# Exercise data

##########

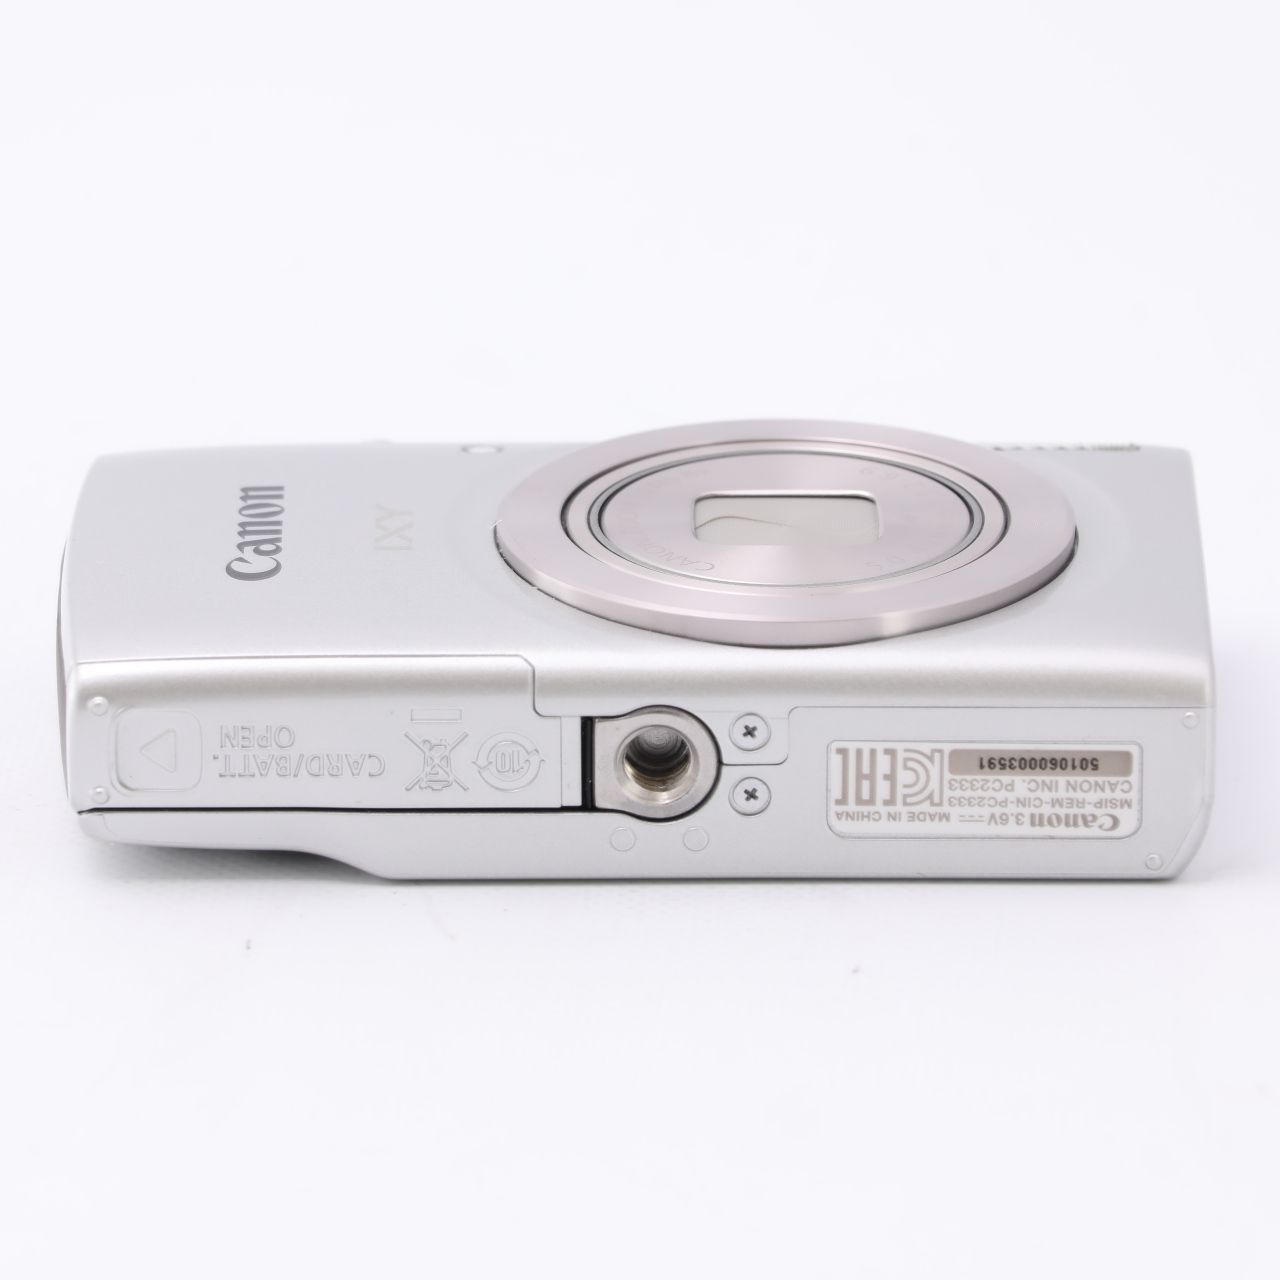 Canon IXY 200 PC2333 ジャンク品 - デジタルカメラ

##########

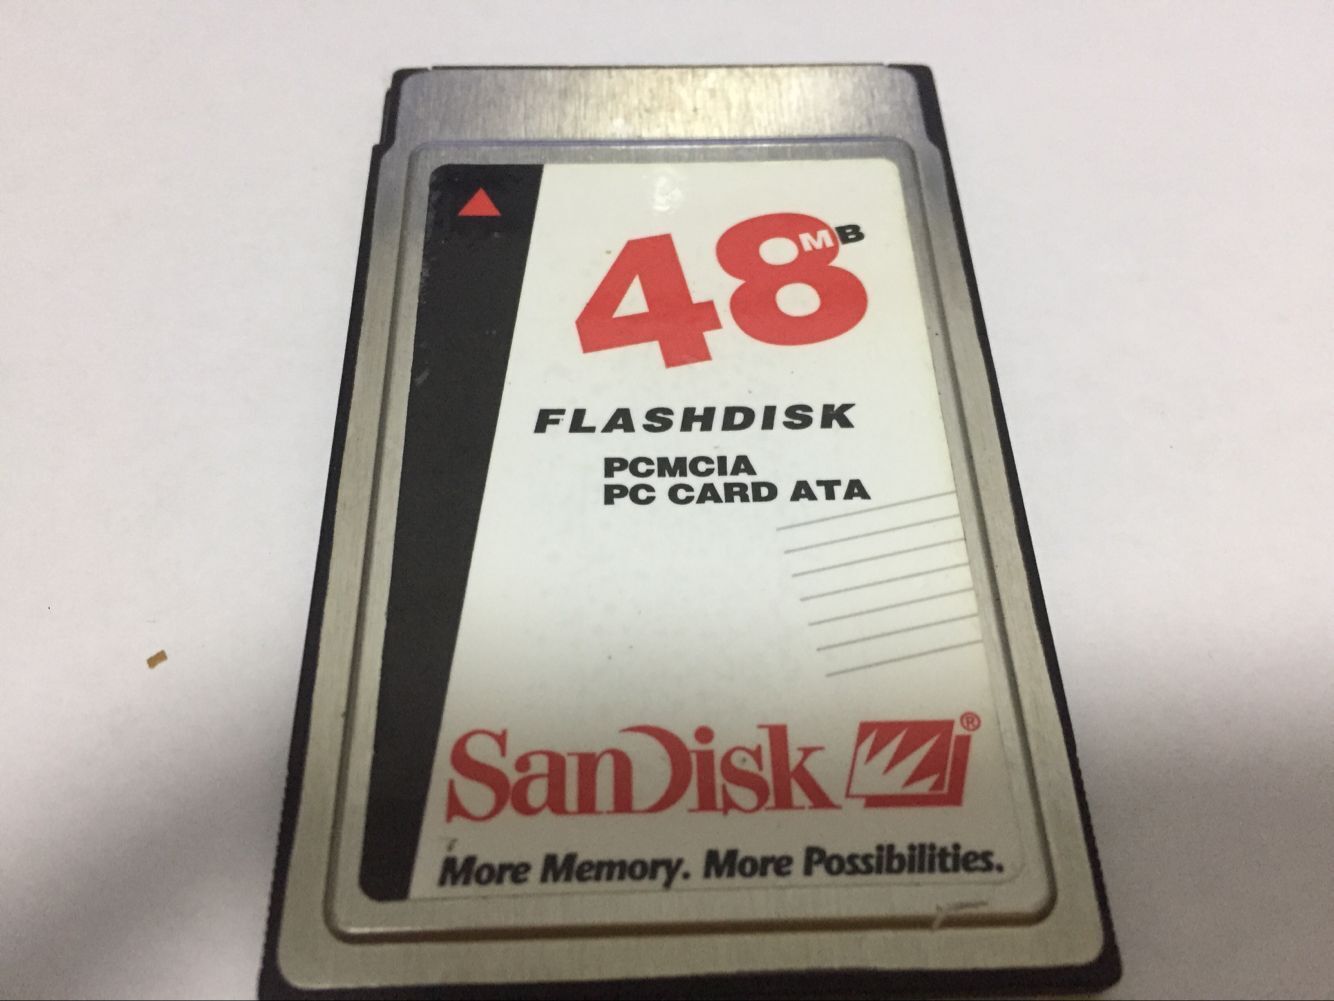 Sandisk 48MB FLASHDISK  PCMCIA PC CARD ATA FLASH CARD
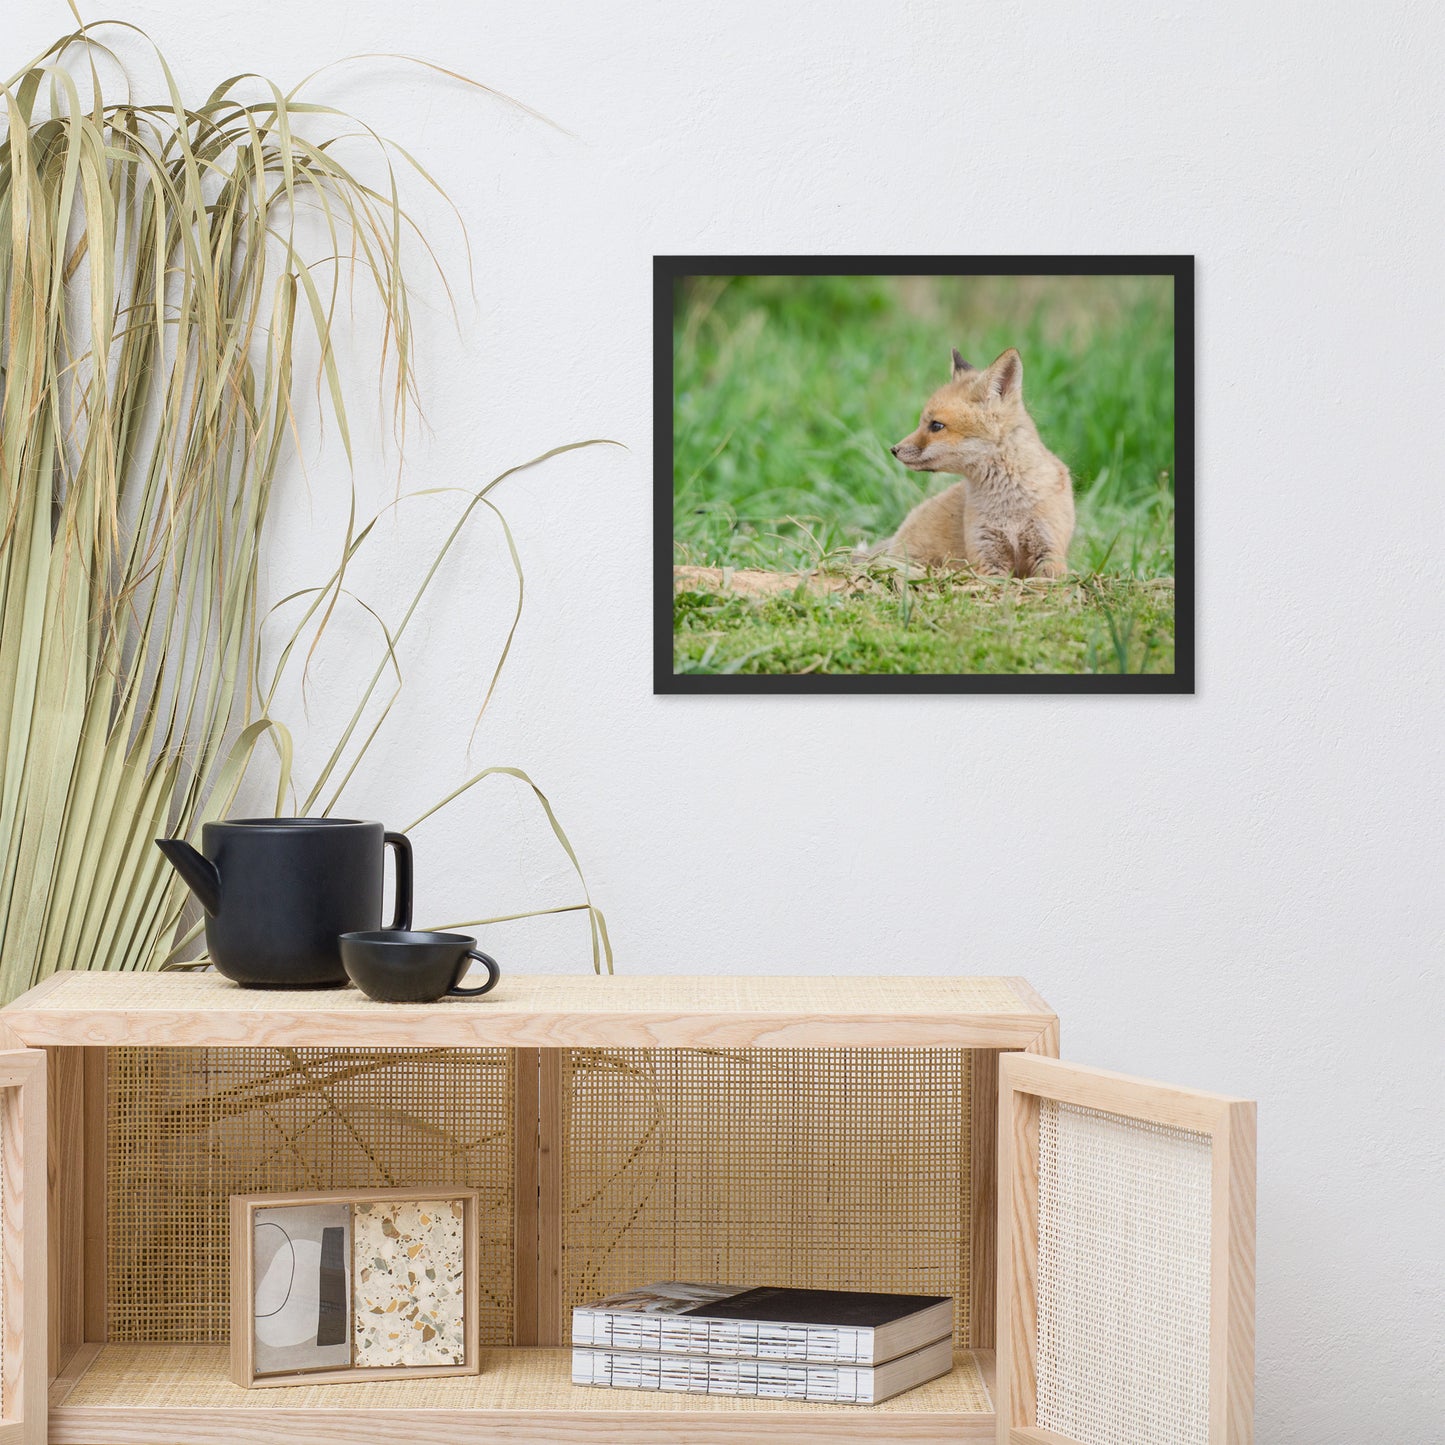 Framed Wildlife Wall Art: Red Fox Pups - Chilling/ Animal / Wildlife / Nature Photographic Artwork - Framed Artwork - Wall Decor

##########

# What the exercise asks
All that is wanted is the lines above between the one containing "Sandisk 48MB FLASHDISK" and the one containing "Framed Wildlife Wall", inclusive, restated word for word, with pictures omitted.

# Result for this exercise
 Sandisk 48MB FLASHDISK  PCMCIA PC CARD ATA FLASH CARD
 Framed Wildlife Wall Art: Red Fox Pups - Chilling/ Animal / Wildlife / Nature Photographic Artwork - Framed Artwork - Wall Decor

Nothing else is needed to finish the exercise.